A full drive-by-wire vehicle is an ideal platform to study the next-generation global chassis control problem, whose four-wheel traction/braking torques and steering angles are controlled simultaneously and independently [1]. This kind of over-actuated distributed control system is proven to be able to enhance the vehicle dynamic performance by making the best use of the available tire forces [2]. Based on the control hierarchy summarized by JOHANSEN et al. [3], the vehicle dynamics control algorithm is functionally divided into two: the motion control (MC) and the control allocation (CA) levels. HARKEGARD et al. [4] pointed out that by choosing weight matrices appropriately, the high-level MC and the low-level CA can be separated without loss of control performance in the framework of optimal control. As demonstrated in previous work, the tire force CA level reflects the superiority of the integrated chassis controller for the full drive-by-wire vehicles. This is for the reason that the redundant degrees of control freedom provide additional flexibility in the CA design, so that various objective functions can be formulated to gain some extra performance, for example, maximization of MC efforts [5, 6], minimization of tire workloads [69], and increase of the total energy efficiency [10, 11], etc.
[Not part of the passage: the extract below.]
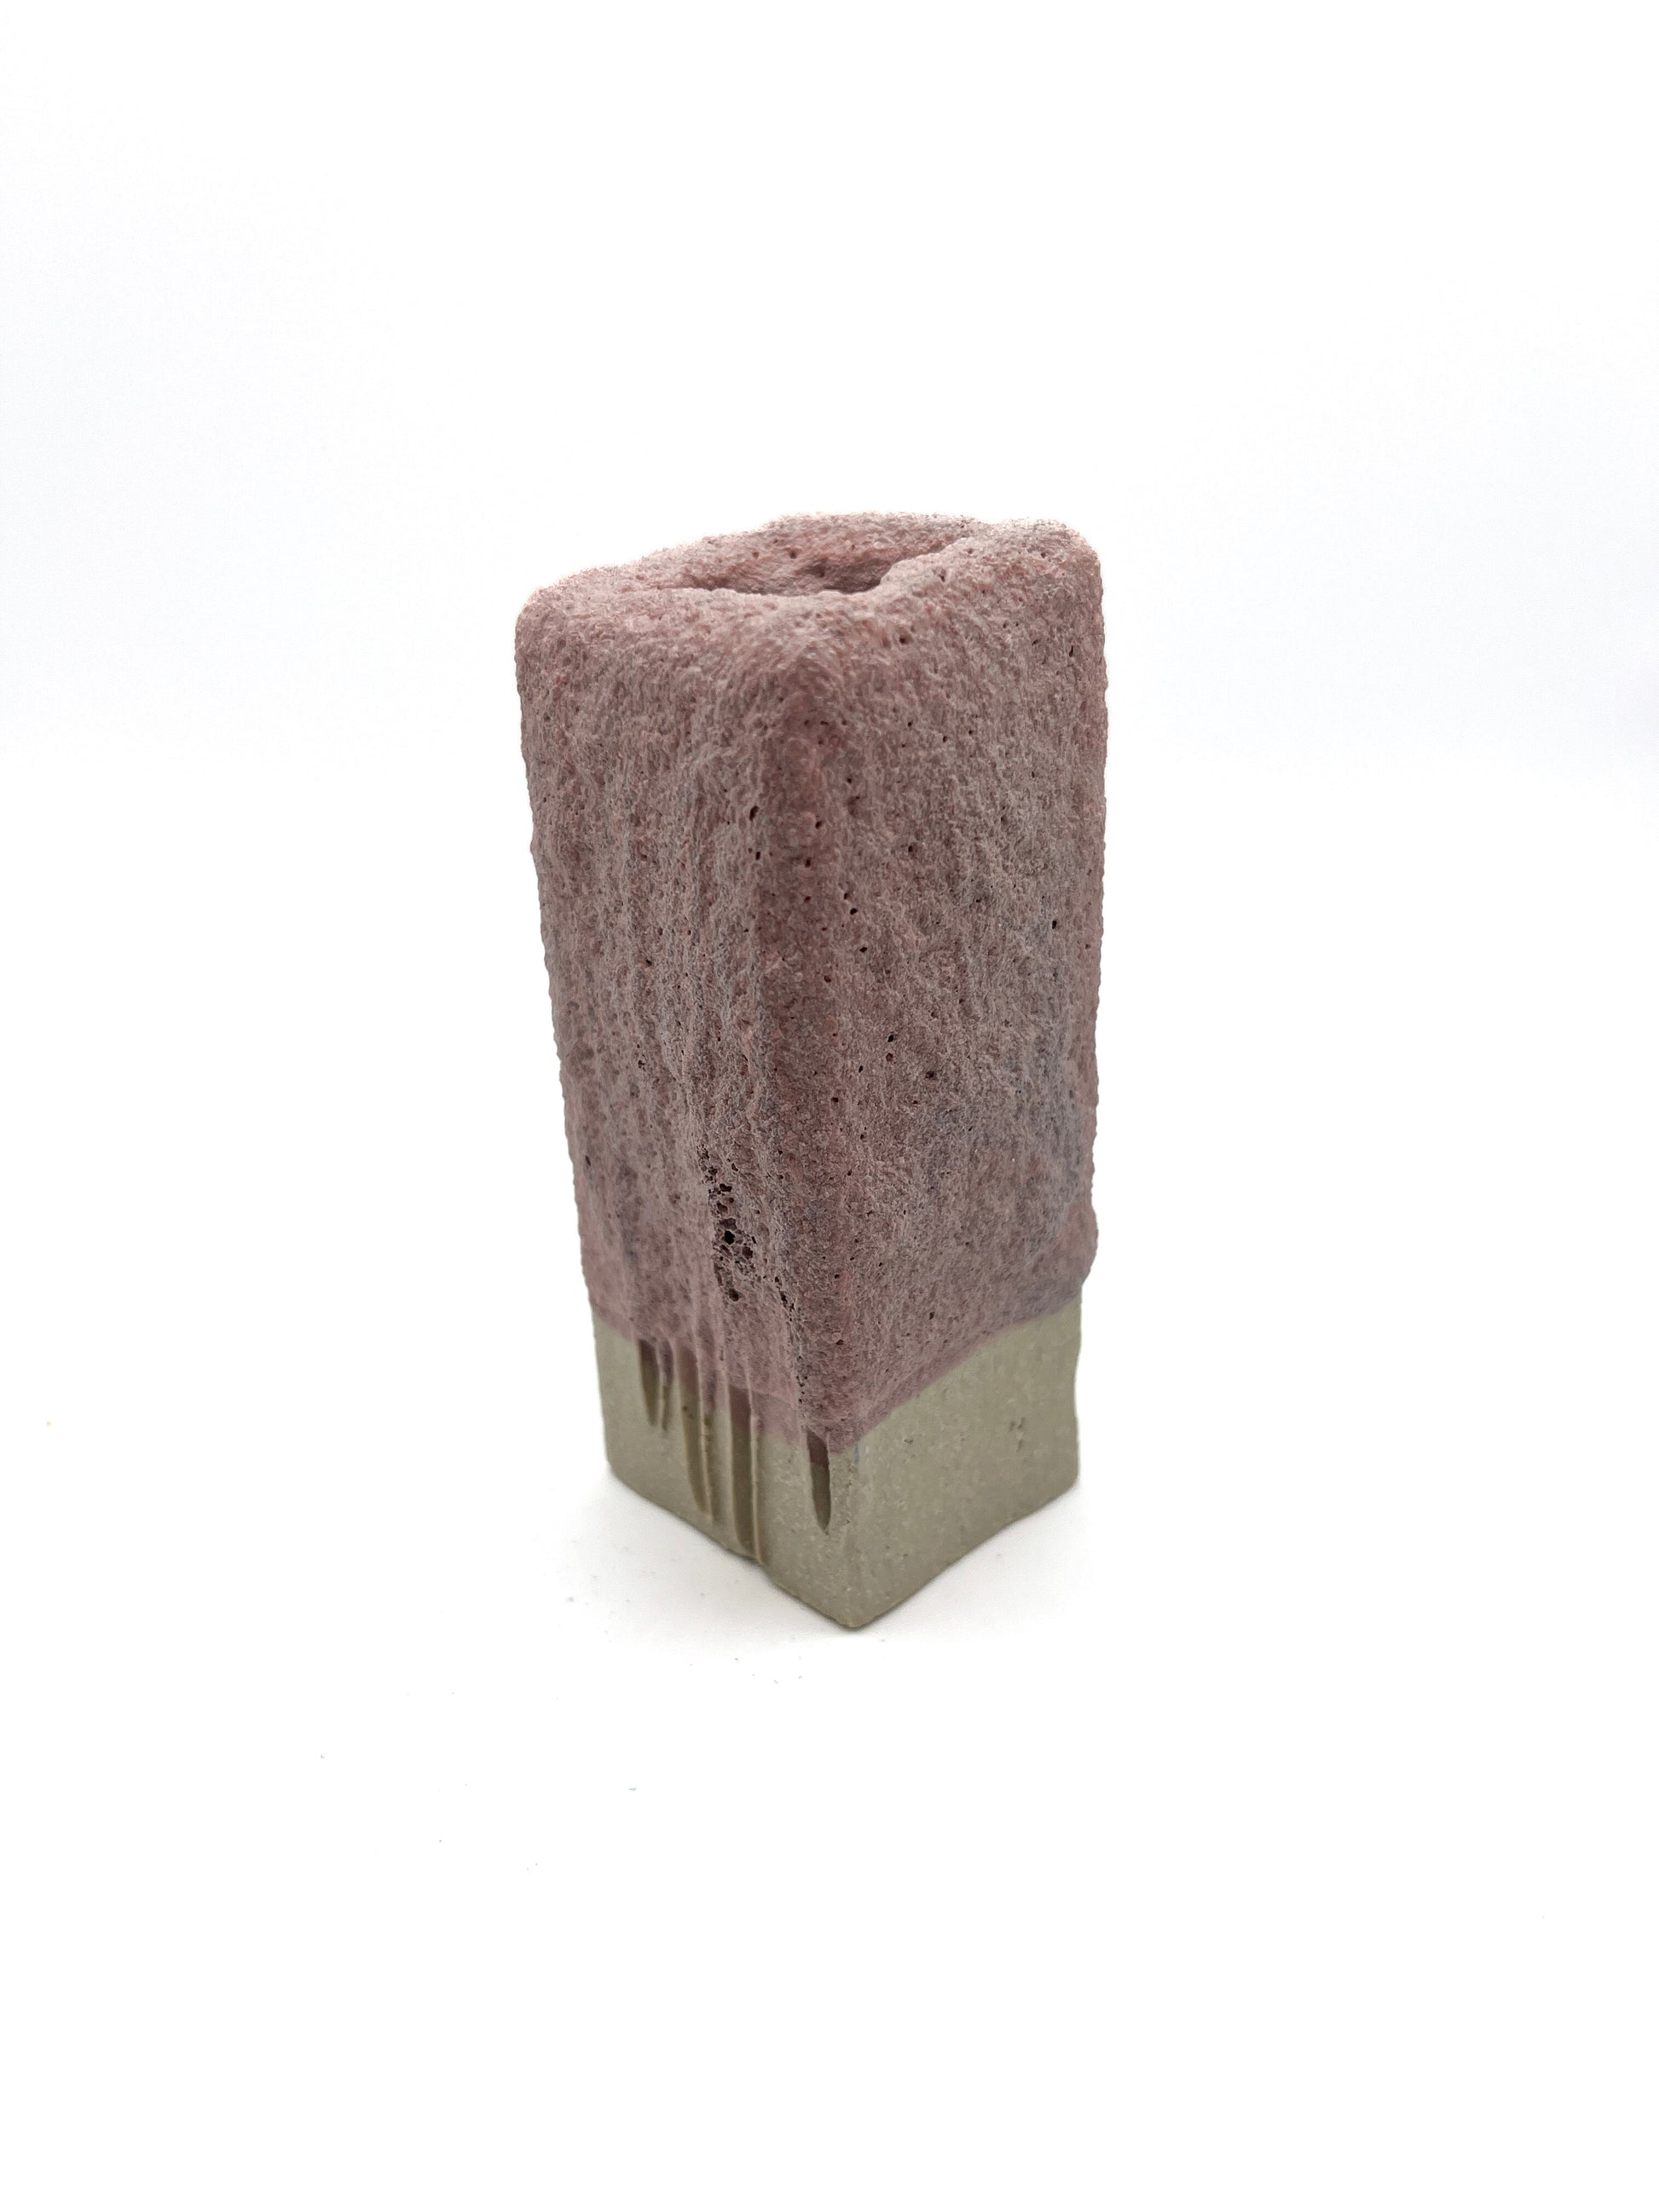 Fired test column for pink mini-puff glaze on light clay. Fuzzy texture when fired to cone 5 or 6.

In view of the MC design, the combined control of longitudinal and lateral dynamics is often neglected by considering the capabilities of the vehicle more than those of the human driver [12]. Nevertheless, there are still some improvements to be made. CHEN et al. [13] demonstrates that the vehicle stability depends not only on the lateral dynamic states during the steering process but also on the longitudinal states before steering. Although the idea of improving the vehicle lateral stability via limiting the vehicle speed is intuitive and theoretically appealing, yet it is undesirable that the speed drops to such a low level that neither the driver nor the chassis controller is able to make a fast lane change to avoid an oncoming obstacle. Nonetheless, it is possible to develop a motion controller, the control objective of which is to automatically follow a given path as closely as possible while automatically adjusting the vehicle speed to its optimal value. This provides the vehicle with enhanced lane-keeping and collision-avoidance capabilities during autonomous driving. Meanwhile, the vehicle handling stability is guaranteed regardless of whether the tires are operating in their nonlinear region. Moreover, because all the actuators in a full drive-by-wire vehicle are using X-by-wire technology, it is more suitable for achieving autonomous driving than a conventional vehicle [14].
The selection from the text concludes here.